■ Task inputs ■
══════════
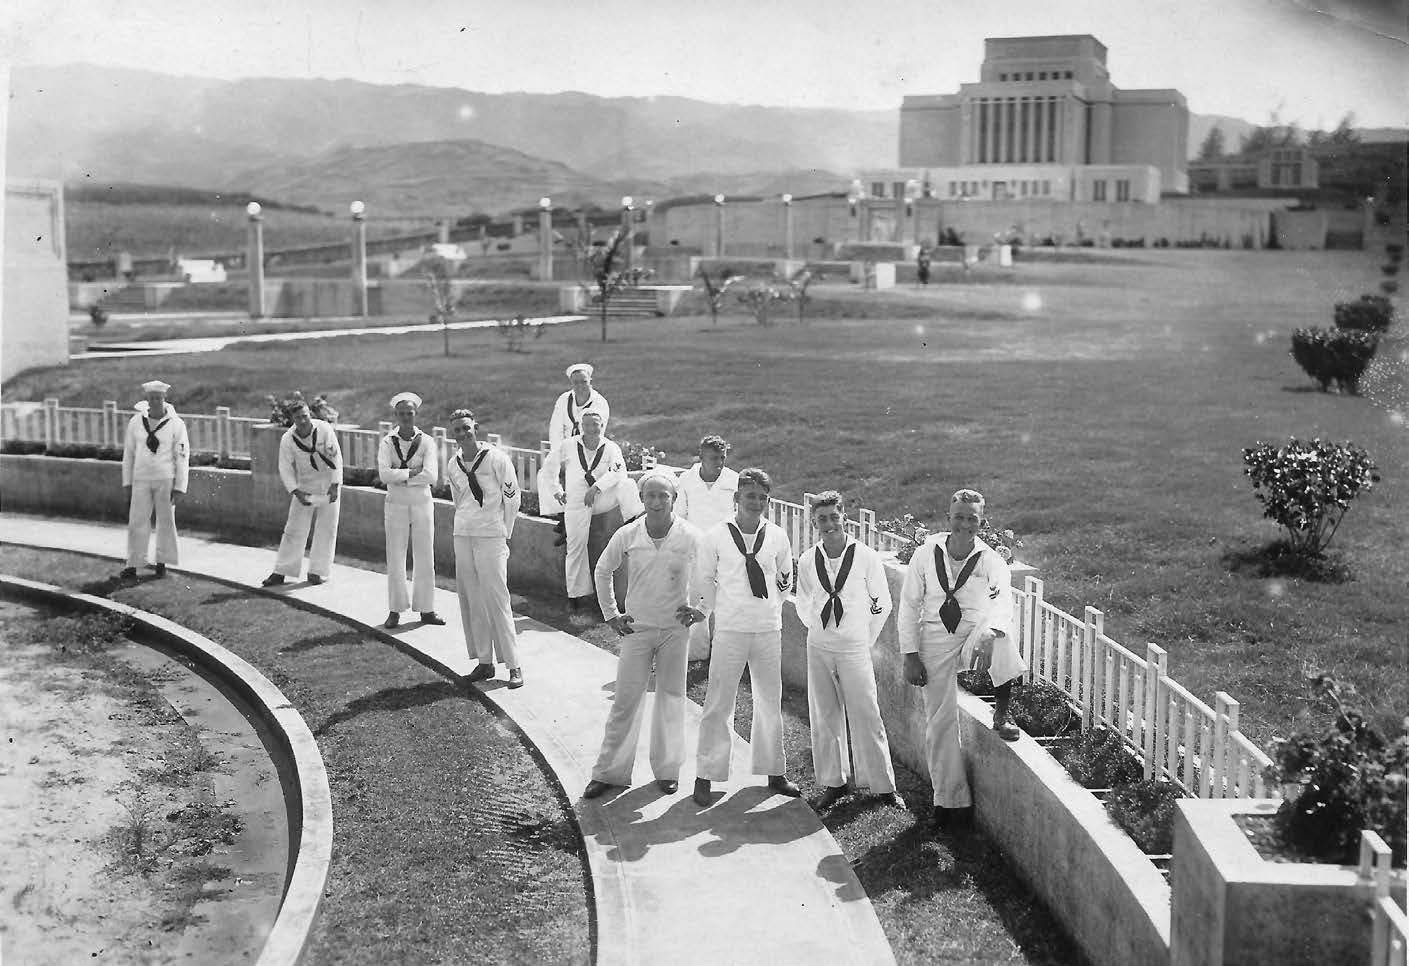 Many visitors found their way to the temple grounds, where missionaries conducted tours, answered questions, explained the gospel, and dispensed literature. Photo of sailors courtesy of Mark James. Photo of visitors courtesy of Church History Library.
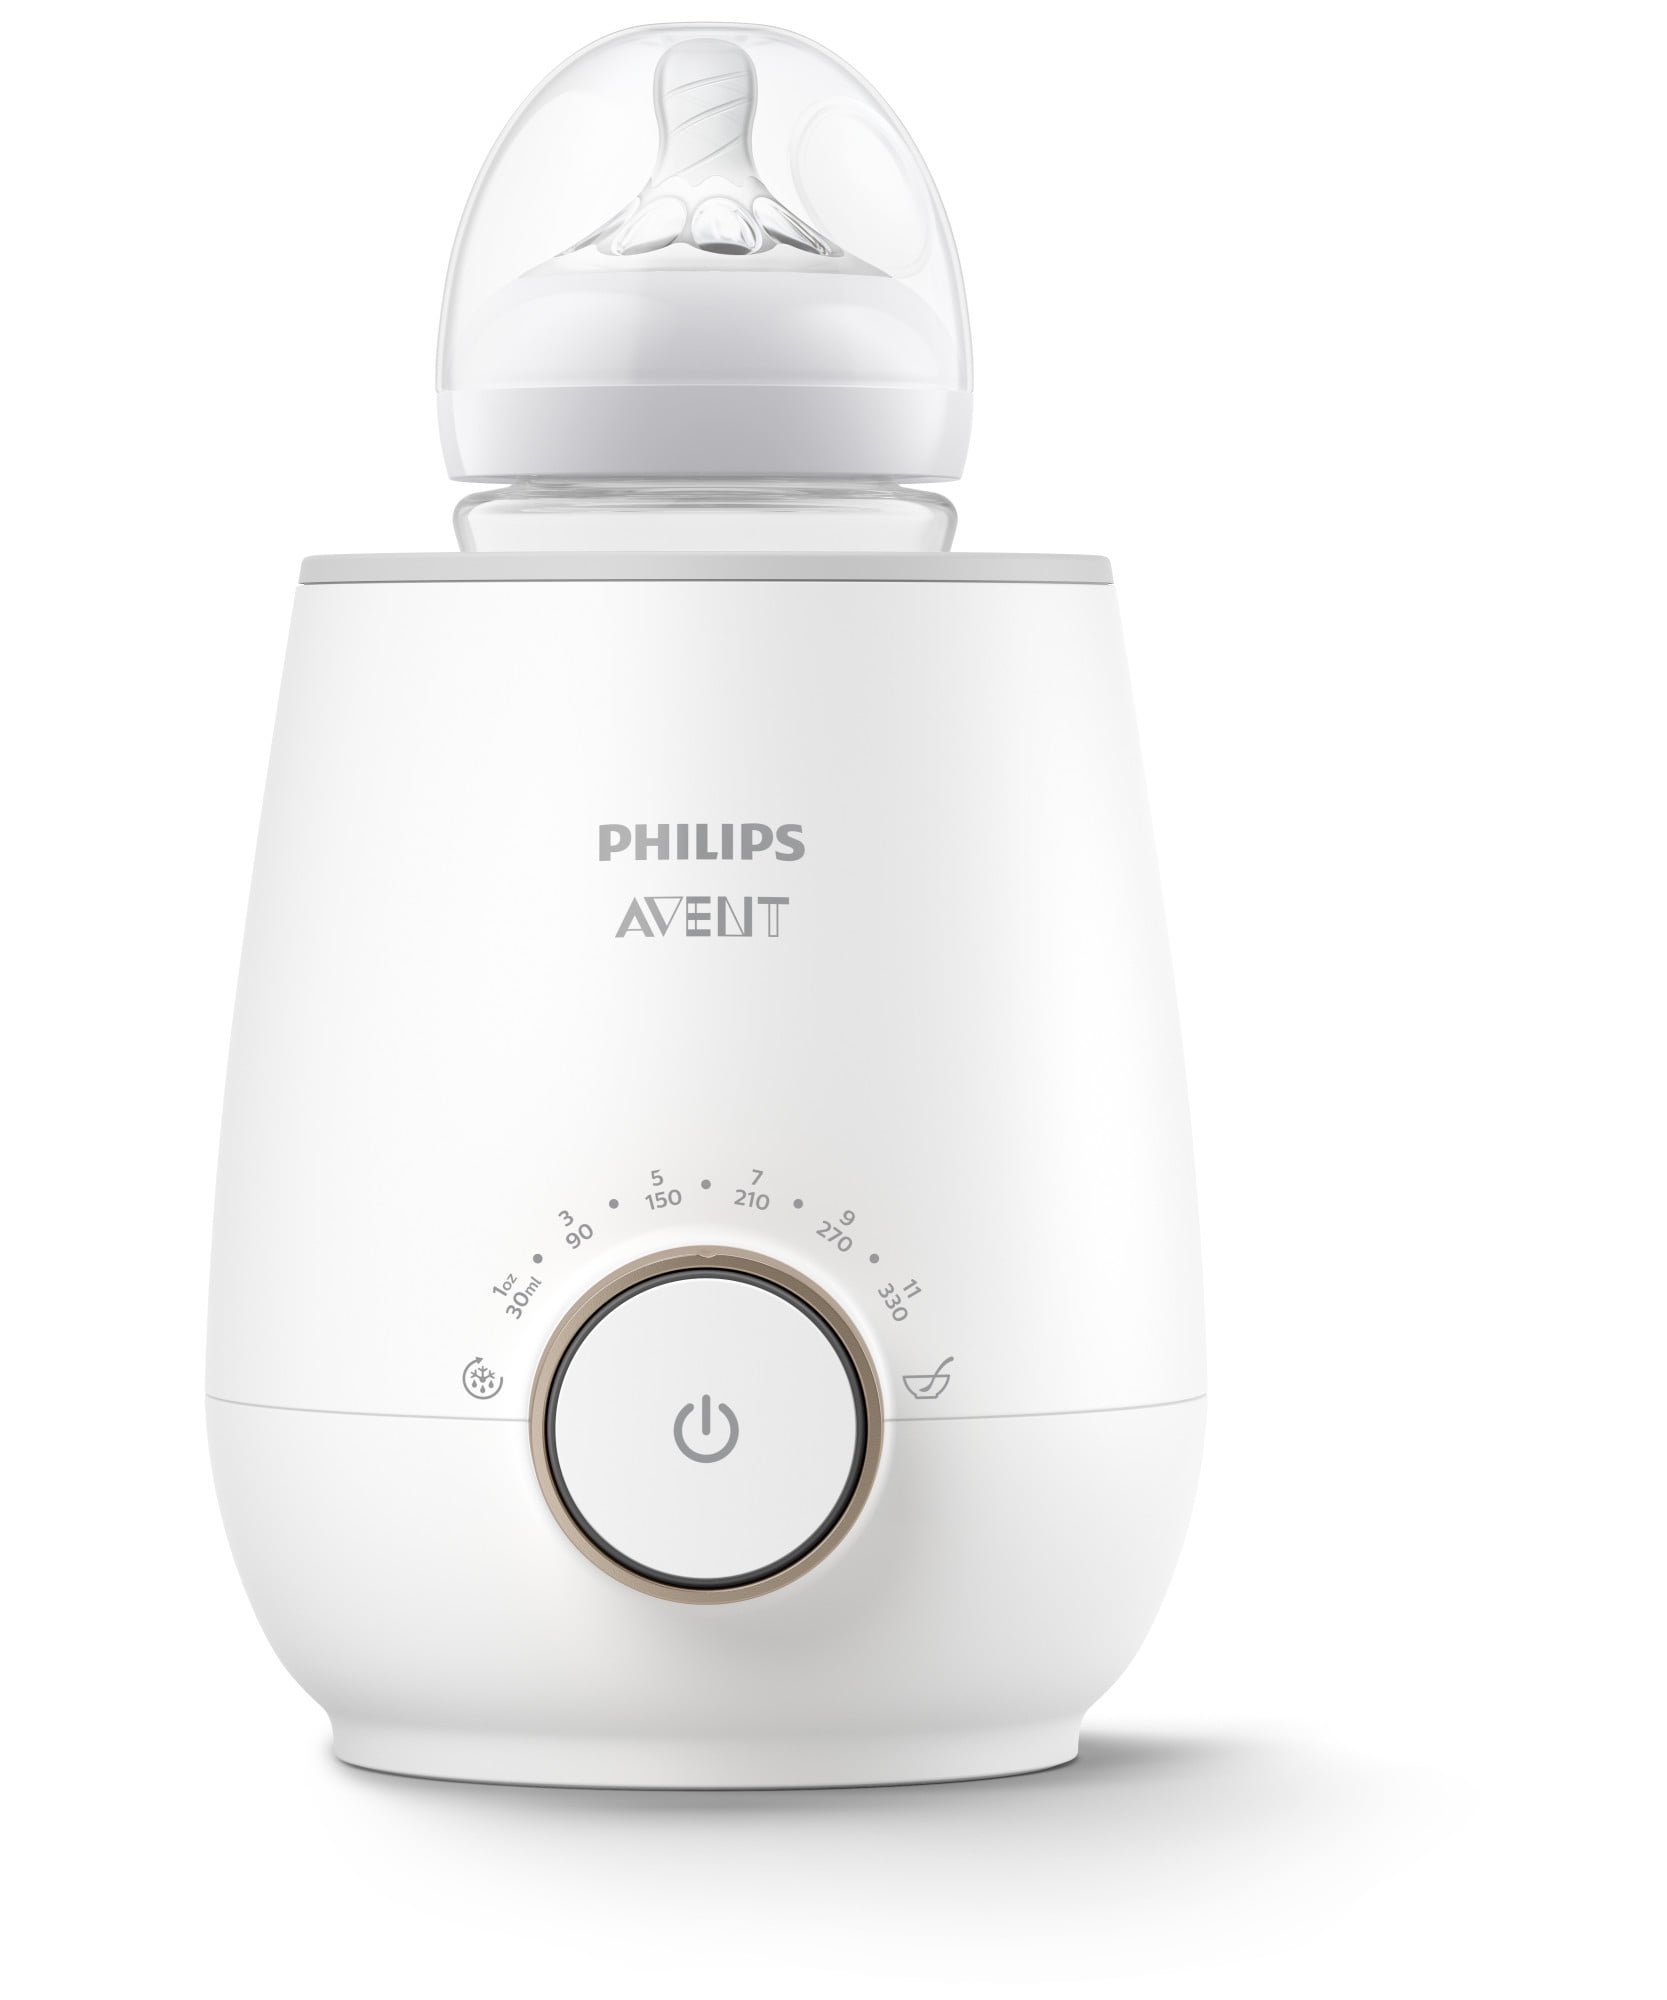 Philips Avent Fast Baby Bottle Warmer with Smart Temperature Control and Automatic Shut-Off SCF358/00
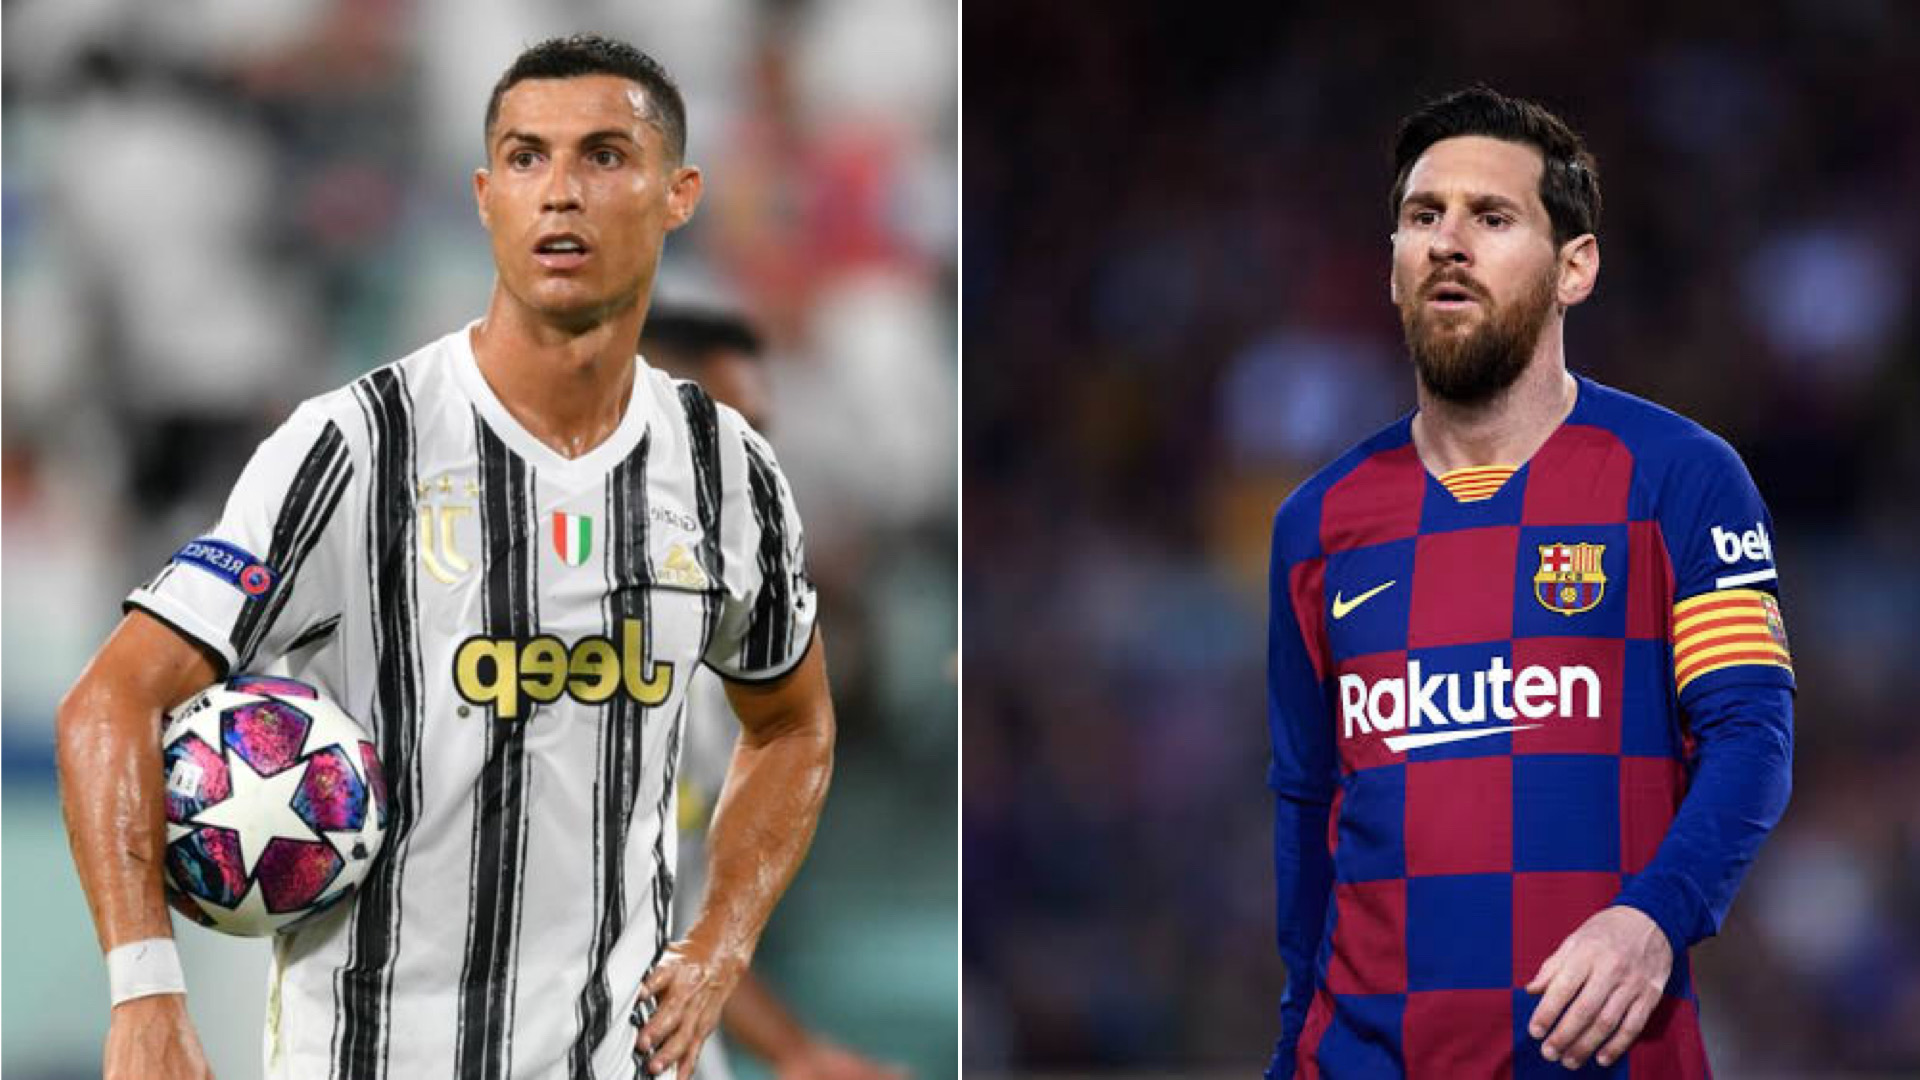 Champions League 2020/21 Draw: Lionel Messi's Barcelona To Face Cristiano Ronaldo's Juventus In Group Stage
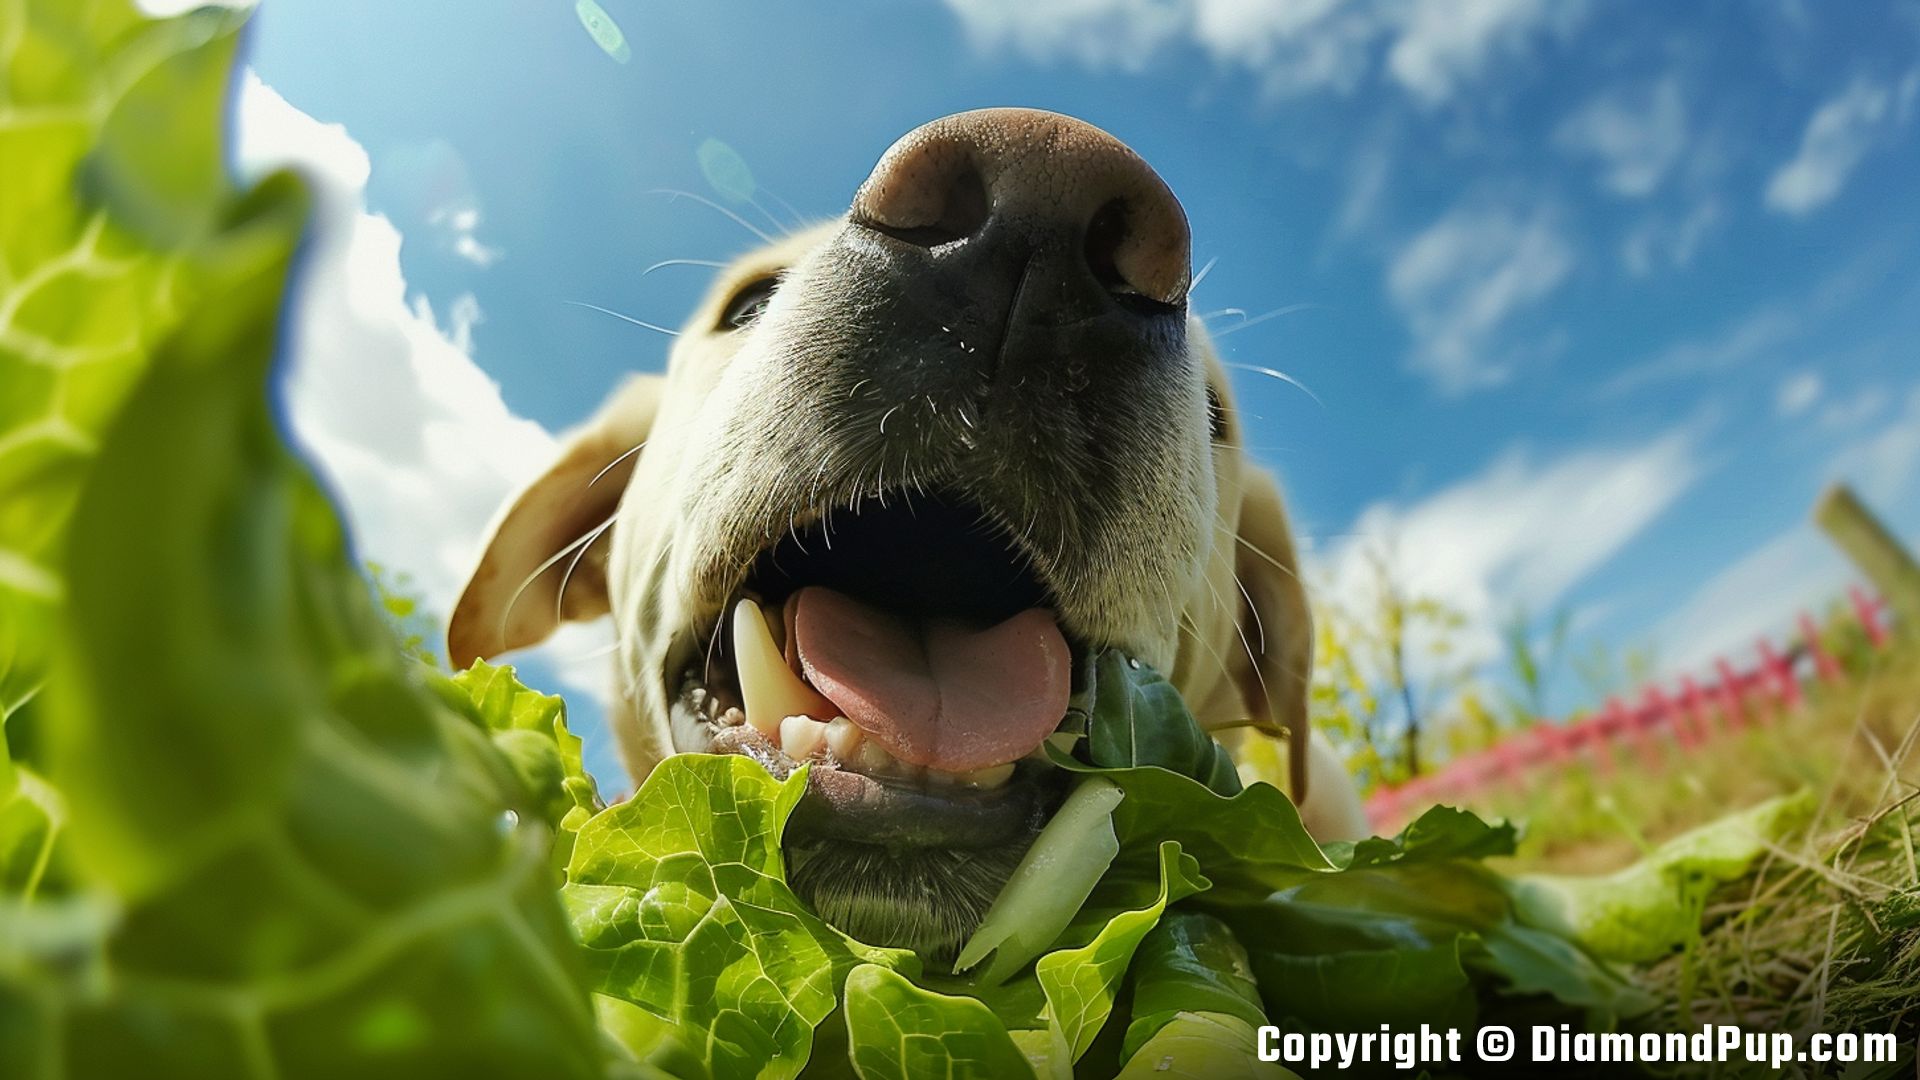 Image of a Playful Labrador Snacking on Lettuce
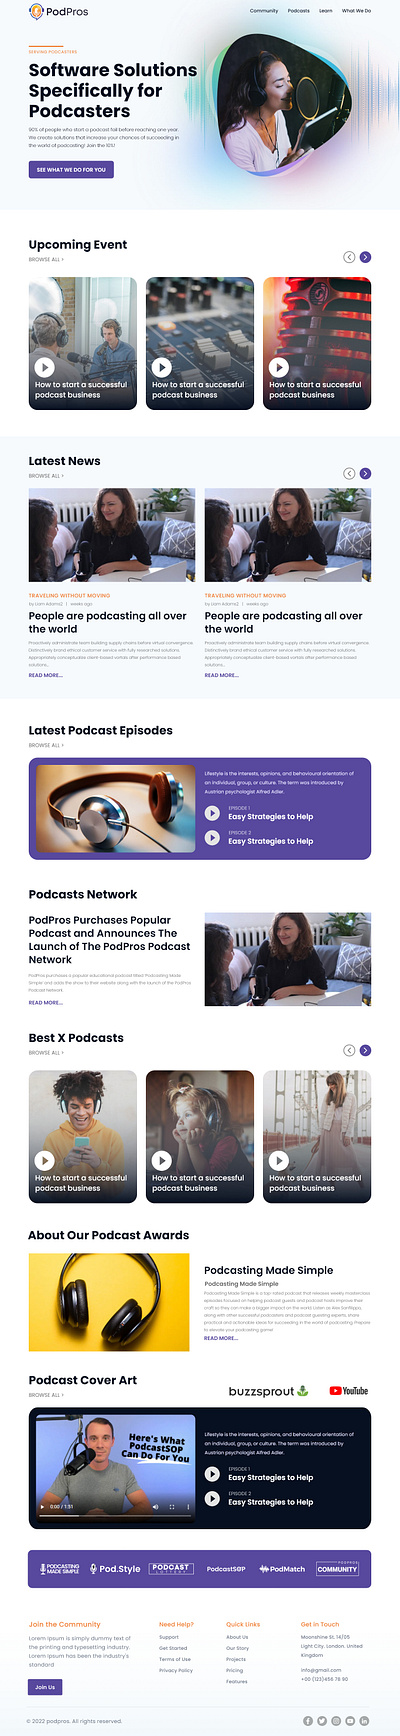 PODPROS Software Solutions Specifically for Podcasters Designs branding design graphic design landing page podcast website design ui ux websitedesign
══════════
■ Task requirements ■
Without the pictures, repeat the listing exactly as it reads.

■ Problem solution ■
 Many visitors found their way to the temple grounds, where missionaries conducted tours, answered questions, explained the gospel, and dispensed literature. Photo of sailors courtesy of Mark James. Photo of visitors courtesy of Church History Library.
 Philips Avent Fast Baby Bottle Warmer with Smart Temperature Control and Automatic Shut-Off SCF358/00
 Champions League 2020/21 Draw: Lionel Messi's Barcelona To Face Cristiano Ronaldo's Juventus In Group Stage
 Image of a Playful Labrador Snacking on Lettuce
 PODPROS Software Solutions Specifically for Podcasters Designs branding design graphic design landing page podcast website design ui ux websitedesign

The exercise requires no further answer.